Men are losing jobs at a higher rate than women

Job loss is affecting more men than women according to a recent Boston Globe article (via Newsalert).

Men are losing jobs at far greater rates than women as the industries they dominate, such as manufacturing, construction, and investment services, are hardest hit by the downturn. Some 1.1 million fewer men are working in the United States than there were a year ago, according to the Labor Department. By contrast, 12,000 more women are working.

This gender gap is the product of both the nature of the current recession and the long-term shift in the US economy from making goods, traditionally the province of men, to providing services, in which women play much larger roles, economists said.

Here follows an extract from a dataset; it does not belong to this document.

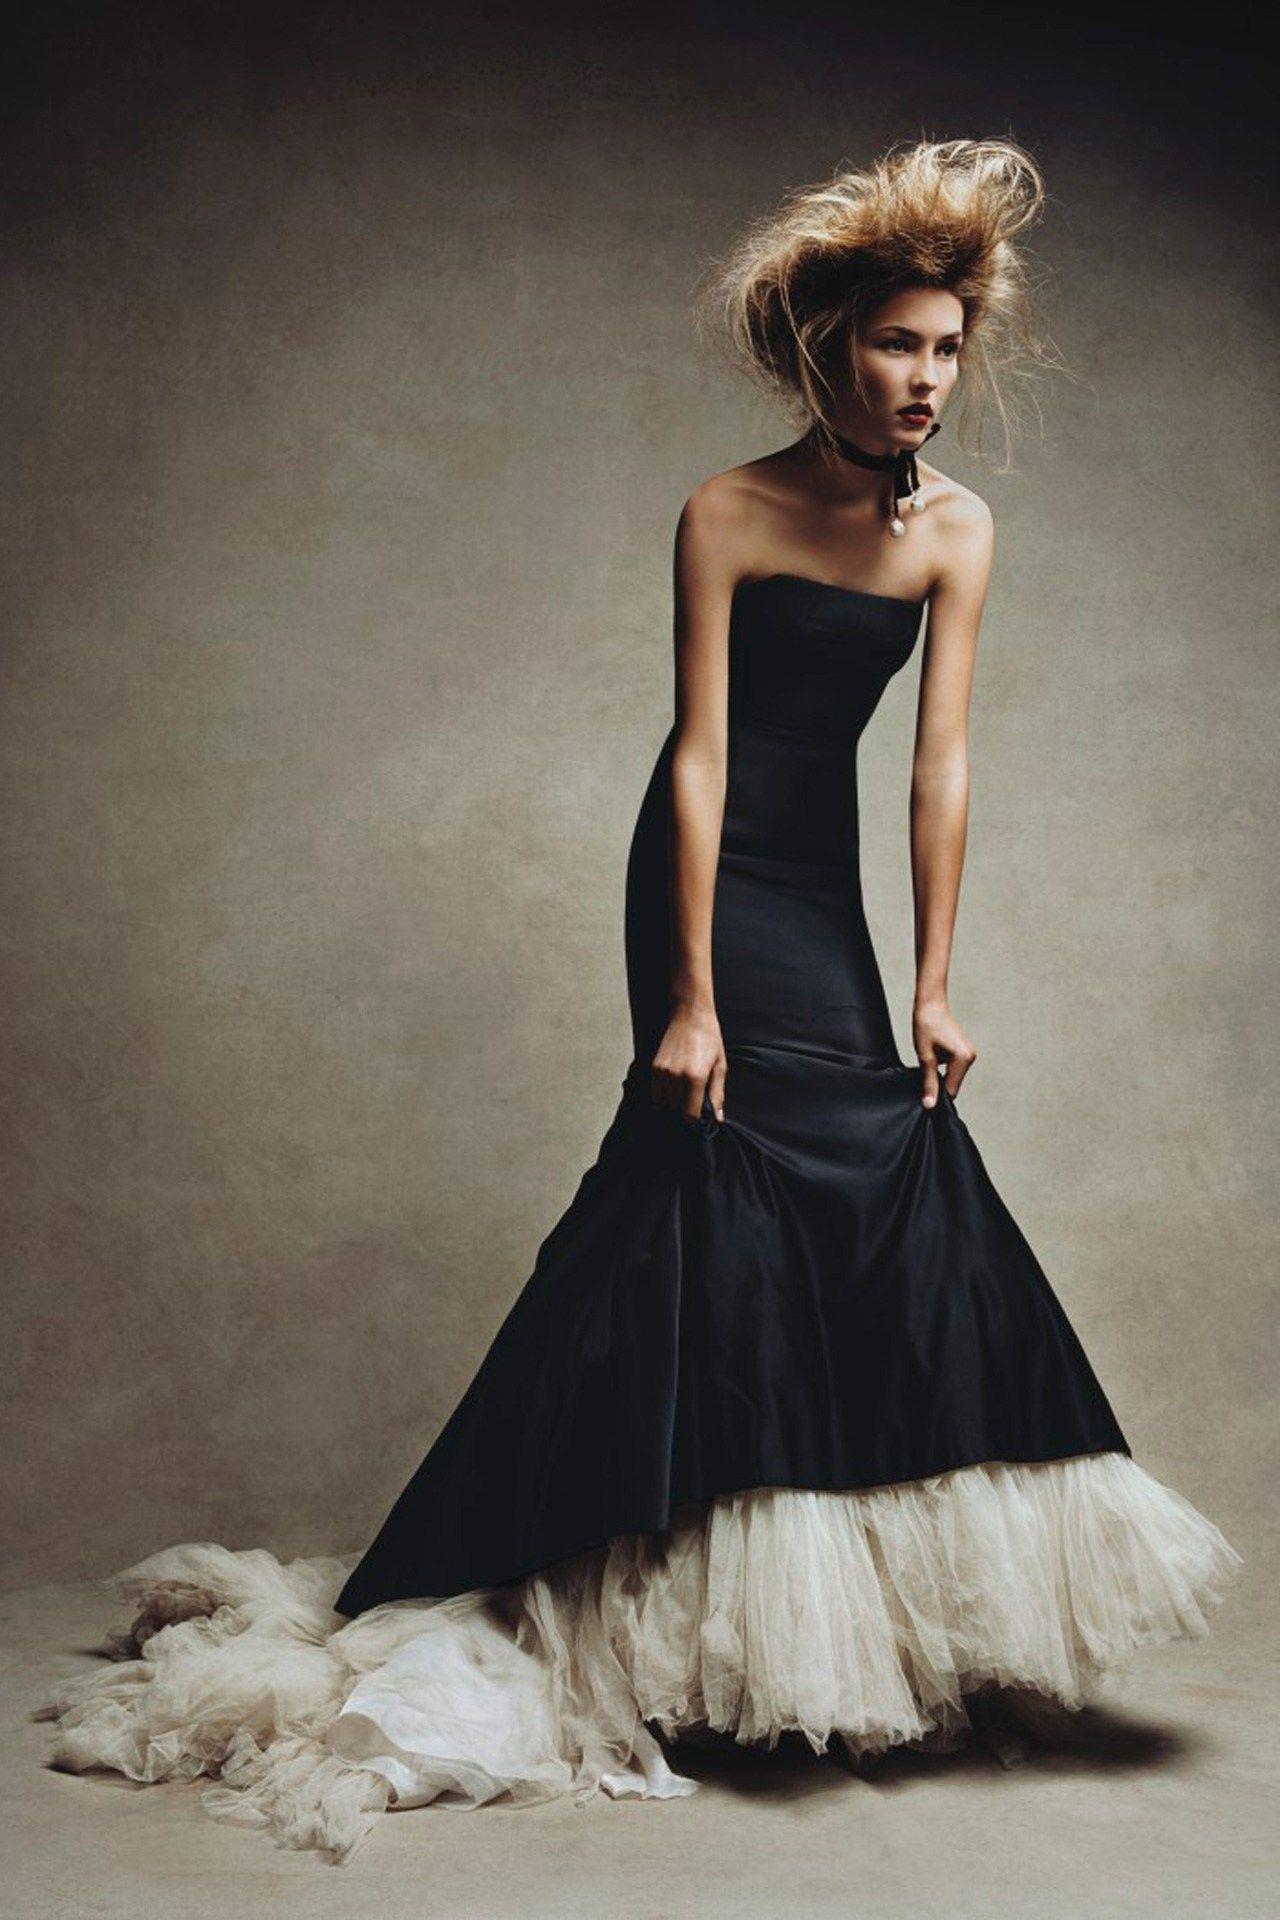 Mcqueen 2005 Photo By Patrick Demarchelier 1280 X 1920 Michaeloxoxo Jonxoxoxo Emmaruthxoxo Emmammerrick Mak Beautiful Dresses Fashion Pretty Dresses [ 1920 x 1280 Pixel ]

For example, men account for 70 percent of workers in manufacturing, which shed more than 500,000 jobs over the past year. Healthcare, in which nearly 80 percent of the workers are women, added more than 400,000 jobs.


The article states that 1,069,000 fewer men are working than a year ago. 12,000 more women are working. Yet, I am sure that all we will hear about in the MSM is how the recession is affecting women.

18 comments:

  1. I am unsure why you make the remark about women being affected and men not noted in MSM. In fact, every ref to job loss I have thus far seen refers to job loss, not by gender but by companies, geographical locations, etc. Gender never enters into the new items...seems gender is mostly on your mind and not of concern to MSM.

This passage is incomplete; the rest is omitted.